> [SUPPLIED MATERIAL]:

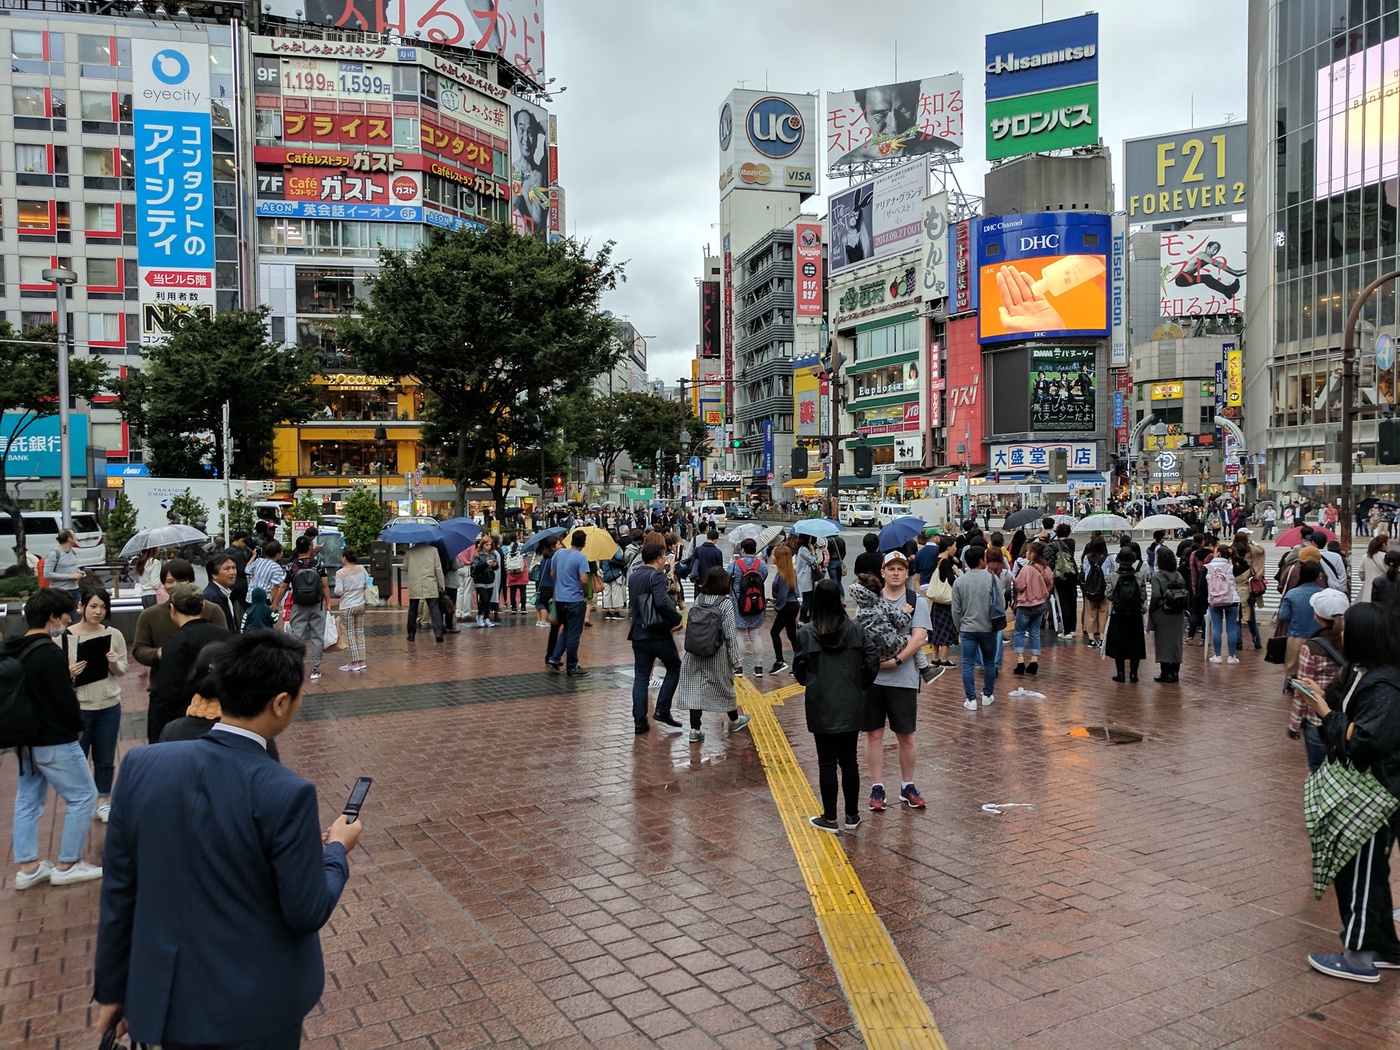 MW #197: Regen in Tokyo
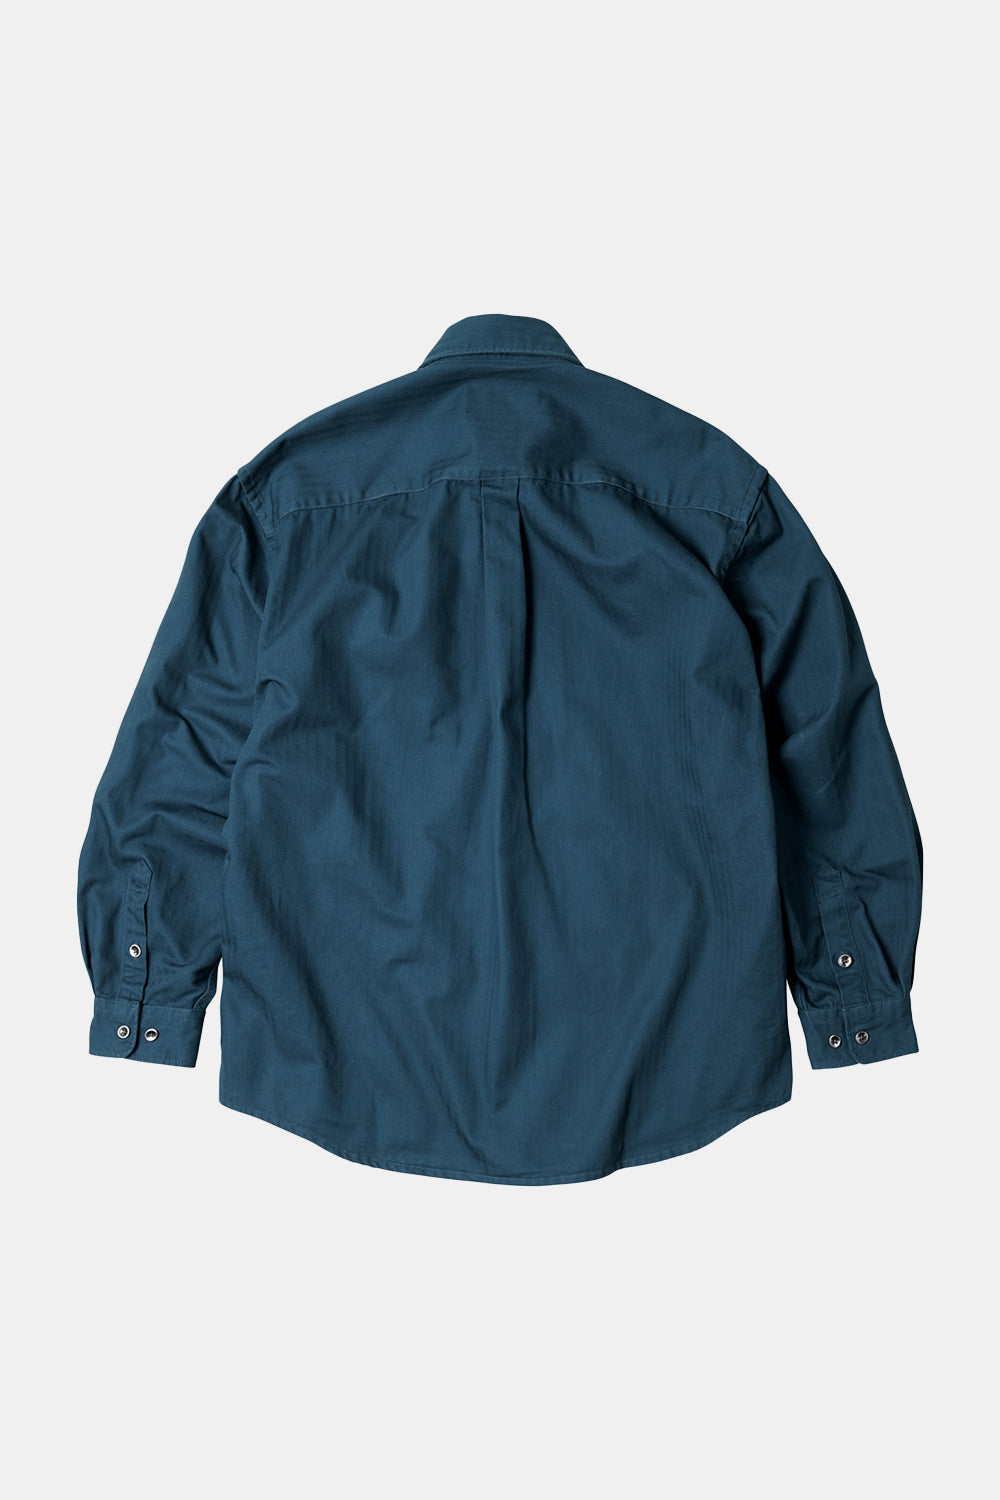 Frizmworks HBT Carpenter Pocket Work Shirt Jacket (vintage blå)
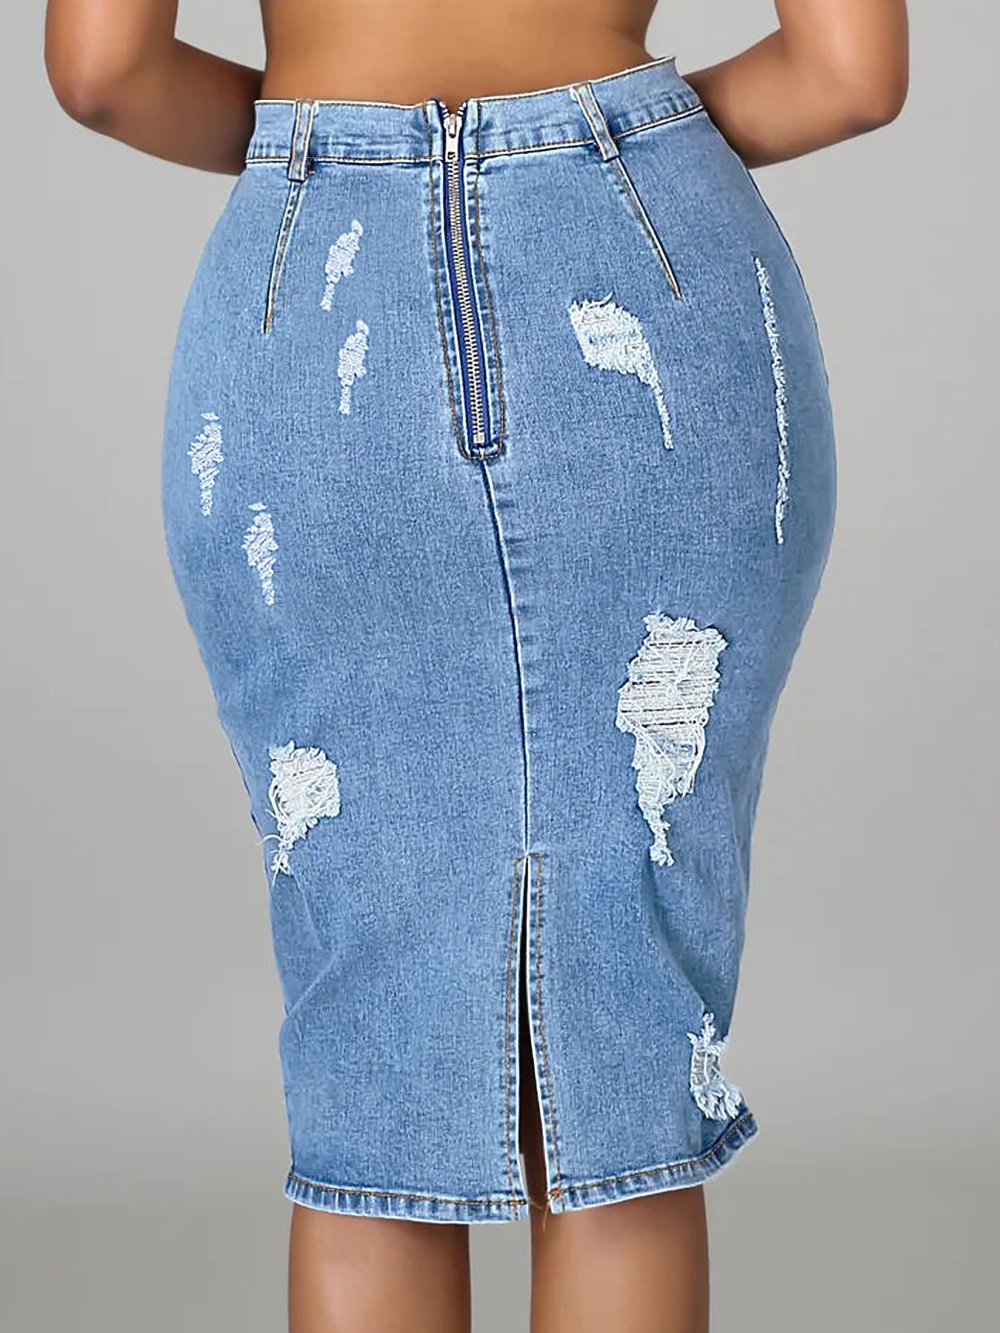 Street denim package hip holes short skirt for women

> [AIM OF THE EXERCISE]: Print each line of the material above exactly, with the pictures removed from your copy.

> [ANSWER TO THIS PROBLEM]:
 MW #197: Regen in Tokyo
 Frizmworks HBT Carpenter Pocket Work Shirt Jacket (vintage blå)
 Street denim package hip holes short skirt for women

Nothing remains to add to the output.